The rain increased in intensity as we reached Tienshr; we drove on and were lucky once in a while as the rain abated when we could get out of the car and stretch out.  The drive along this route was quite pleasant actually as the roads were in excellent condition; sakuras (cherry blossoms) were in full bloom and their strewn petals on the roads were spread in an endless red carpet as if to welcome us.   As we arrived at Dayulin, at a height of 2565 metres, we heard with some excitement that it was snowing in Mt.

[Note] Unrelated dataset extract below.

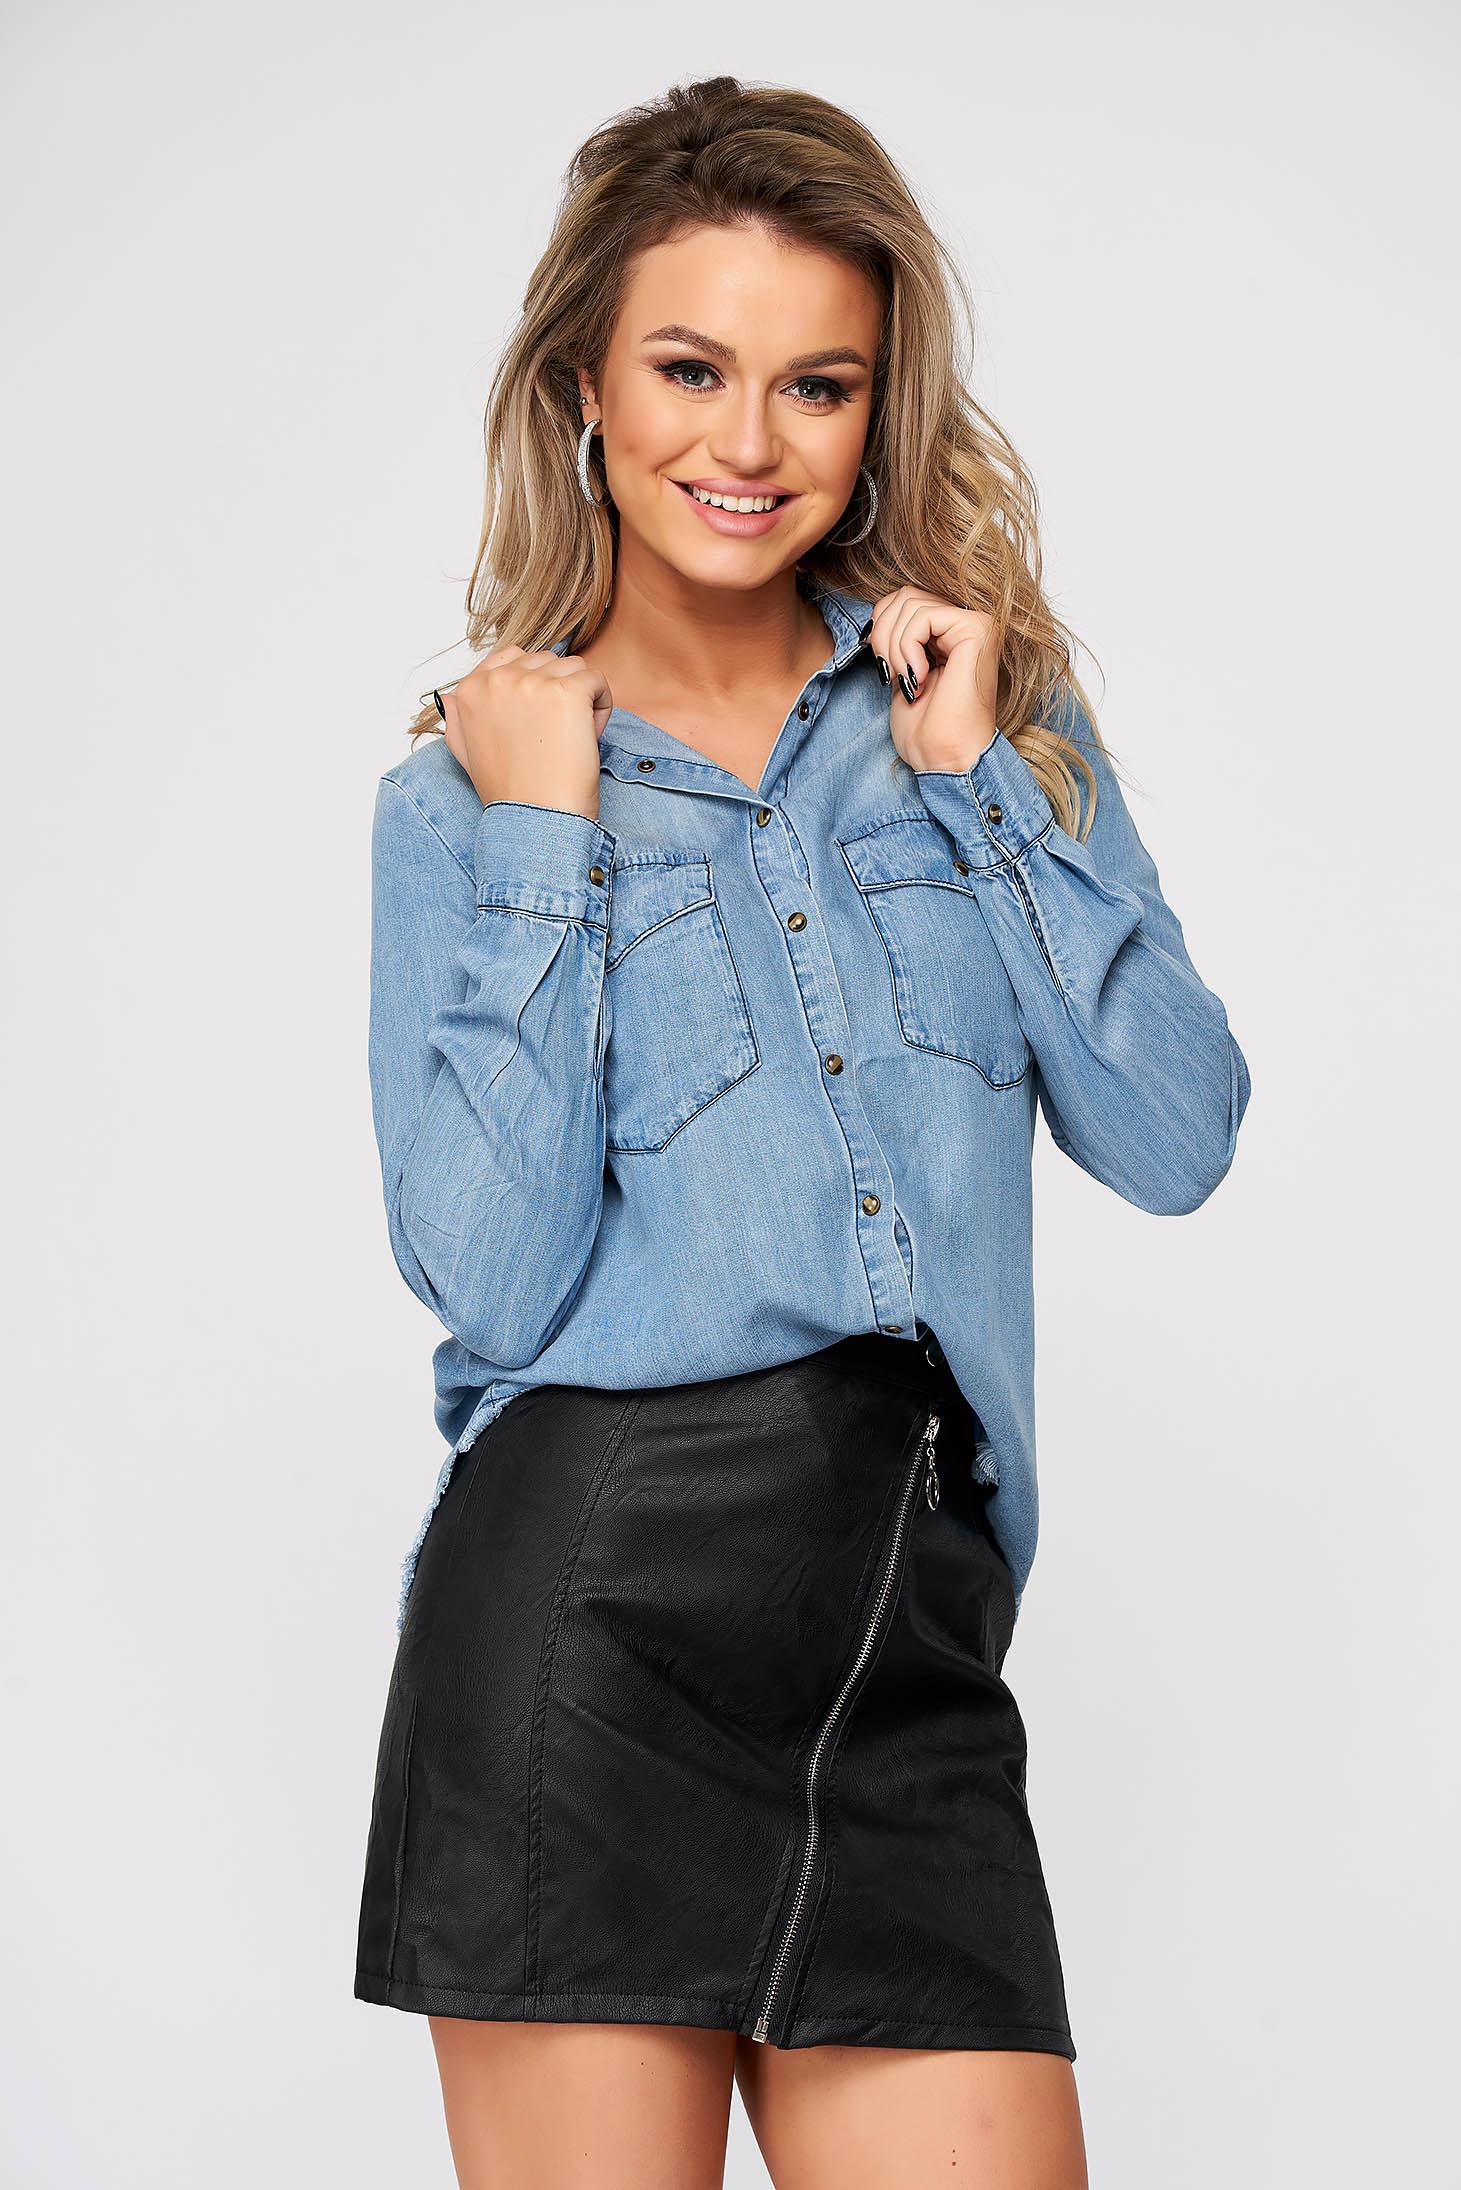 Blue women`s shirt casual flared long sleeved denim

Hehuanshan (over 3,000 metres), our next scheduled destination.  Our excitement, however, was short-lived as when we arrived at the check-gates we were told that the roads had been closed due to the heavy snowfall and were asked to make a detour to Lishan            and then make a further detour to Puli and then to Taichung as the Lishan—Taichung section of the road was still not operational.  This section of the road was severely damaged during the massive earthquake that hit Taiwan on September 21, 1999 and it is said that it cannot be rebuilt till the ground settles down in perhaps a decade or so.  We had not planned for this contingency, but took it in our stride as part of our adventure.

It was freezing cold as we approached Lishan (Pear Mountain).  Truly amazing that when we set out from Taichung three days ago we had left behind almost Summer temperatures of 28C, drove through plum blossoms of Spring along the south-east cross island highway, and now we were experiencing below zero cold winter temperatures.  Wasn’t it John Keats who surmised: “Oh for a life of sensations….”  The hillsides around Lishan, as its name suggests, are dotted with pear orchards and tea plantations extending for miles on end.  The characteristic of these orchards is that the fruit trees are not allowed to grow to their full height, but pruned and trimmed to a manageable height and the branches spread out like an umbrella.  When the fruits are formed, they are individually enclosed in paper bags so as to prevent infestation by insects, damage by birds, and during harvest, contamination from human hands.  What a marvelous idea!  This made us reflect on our many trips to the North-East of India – we have not seen any fruit orchards of this type anywhere and yet, we are sure, it could be a very fruitful industry.  As we climbed our way to the top of Lishan, on our left we could see the snow falling and blanketing the mountain tops.  Although it was early afternoon, it seemed as though night was descending and we had to make haste or be trapped in some mountain village for the night, a thought that we didn’t quite cherish.

The descent from Lishan was at times, precipitous and at other times, endless meandering along country roads.  It was taking us longer than the one hour that the policeman had anticipated when he asked us to make the detour.  We were beginning to get bored with the monotony of the winding road, the drizzle, and farms lying in fallow.  Wushe was miles away and Puli, the last hill station on this leg of the journey, still a further forty kilometers or so and Taichung, another forty.  About a hundred kilometers!  Luckily the rain had eased somewhat and showed signs of stopping altogether in an overcast sky.  The descent to Wushe was rather steep and at places acute hair-pin bends.  Just as we were negotiating one of these tortuous descending hair-pin bends, my daughter called out to stop as she had seen something we had not and obviously was very excited.

There in front of us at the entrance of a village was a sign that read, BIHU, in bold letters.  Their mother explained that “bihu” in Chinese means a serene green lake and the village takes its name from the lake in this village.  “A damsel with a dhol/In a vision once I saw/It was an Assamese maid/And on her dhol she played/Singing of the joy of Spring/And BIHU….”  Here was a different Bihu; a farming hamlet tucked away amongst the hills and mountains of Nantou County in the middle of Taiwan, but the emotions evoked could, perhaps, have been the same as we took in the beauty, the serenity, and joy of this little place before continuing our drive back to Taichung.  The mind, Milton tells us, is in its own right and can make a hell out of heaven or a heaven out of hell.  Heaven, we realize, is definitely a place on earth.